The Observational Partial Order of Causal Structures with Latent Variables
Marina Maciel Ansanelli, Elie Wolfe, Robert W. Spekkens
TL;DR
This work introduces the observational partial order on causal structures with latent variables, focusing on how observational distributions over visible variables distinguish competing structures. It provides a complete characterization for the partial order among 3-node mDAGs and a partial solution for 4-node cases, using a toolkit of dominance/nondominance rules (including HLP Edge-Adding and progressive Facet-Merging) and the analysis of inequality constraints. A key finding is that nonalgebraic (inequality-constraint) causal structures are increasingly ubiquitous as the number of visible variables grows, implying widespread potential quantum-classical gaps and signaling the inadequacy of CI-only methods for causal discovery in larger graphs. The results underscore the importance of inequality and nested Markov constraints for effective causal discovery and model selection, and they provide a foundation for identifying which observational equivalence classes are uniquely identifiable from data. The work also connects to quantum causality by highlighting when classical models can be decisively ruled out without fine-tuning, based on inequality constraints.
Abstract
For two causal structures with the same set of visible variables, one is said to observationally dominate the other if the set of distributions over the visible variables realizable by the first contains the set of distributions over the visible variables realizable by the second.

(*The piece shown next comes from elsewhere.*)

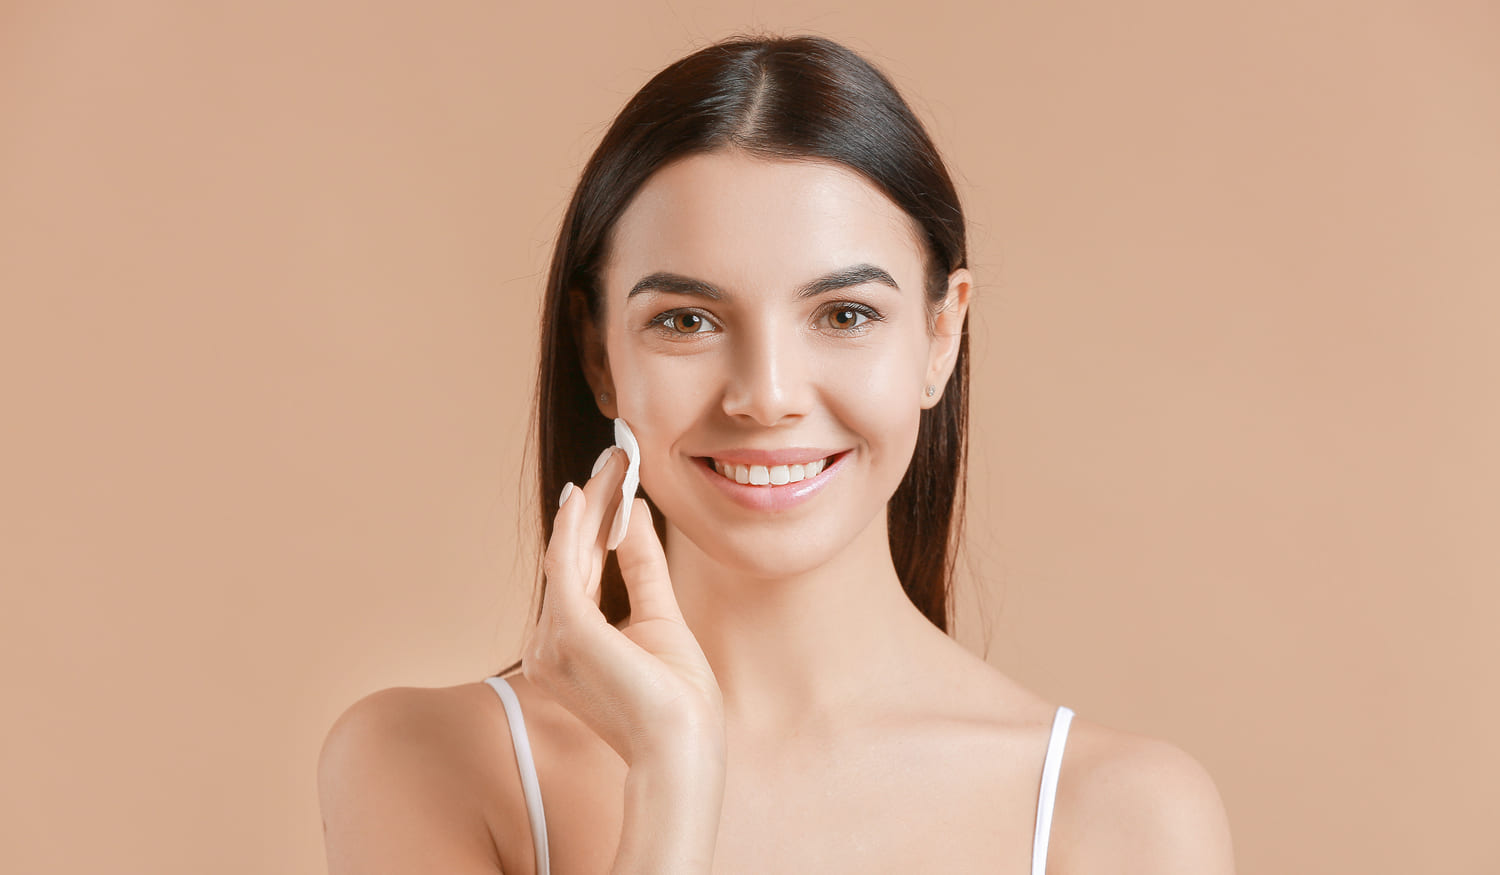 Poren verfeinern: Was hilft wirklich, große Poren zu verkleinern?
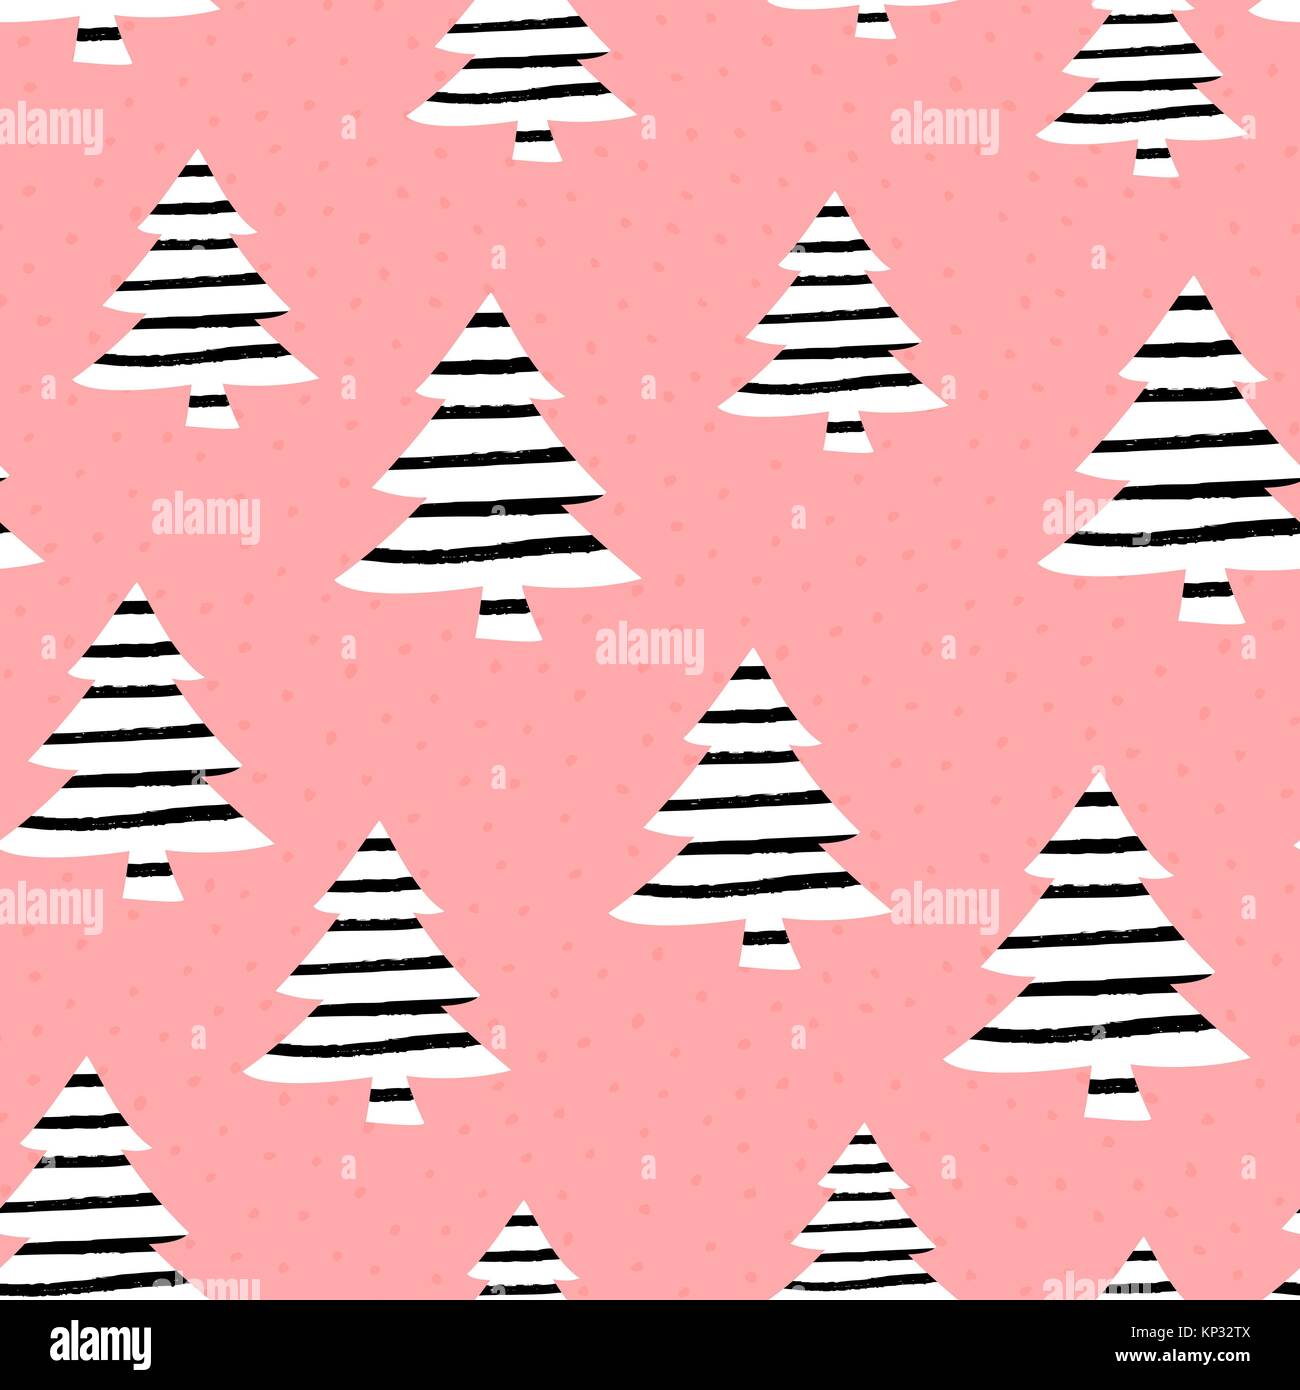 Pink The Season Christmas Phone Wallpapers

Knowing such dominance relations is useful for adjudicating between these structures given observational data. We here consider the problem of determining the partial order of equivalence classes of causal structures with latent variables relative to observational dominance. We provide a complete characterization of the dominance order in the case of three visible variables, and a partial characterization in the case of four visible variables. Our techniques also help to identify which observational equivalence classes have a set of realizable distributions that is characterized by nontrivial inequality constraints, analogous to Bell inequalities and instrumental inequalities. We find evidence that as one increases the number of visible variables, the equivalence classes satisfying nontrivial inequality constraints become ubiquitous. (Because such classes are the ones for which there can be a difference in the distributions that are quantumly and classically realizable, this implies that the potential for quantum-classical gaps is also ubiquitous.) Furthermore, we find evidence that constraint-based causal discovery algorithms that rely solely on conditional independence constraints have a significantly weaker distinguishing power among observational equivalence classes than algorithms that go beyond these (i.e., algorithms that also leverage nested Markov constraints and inequality constraints).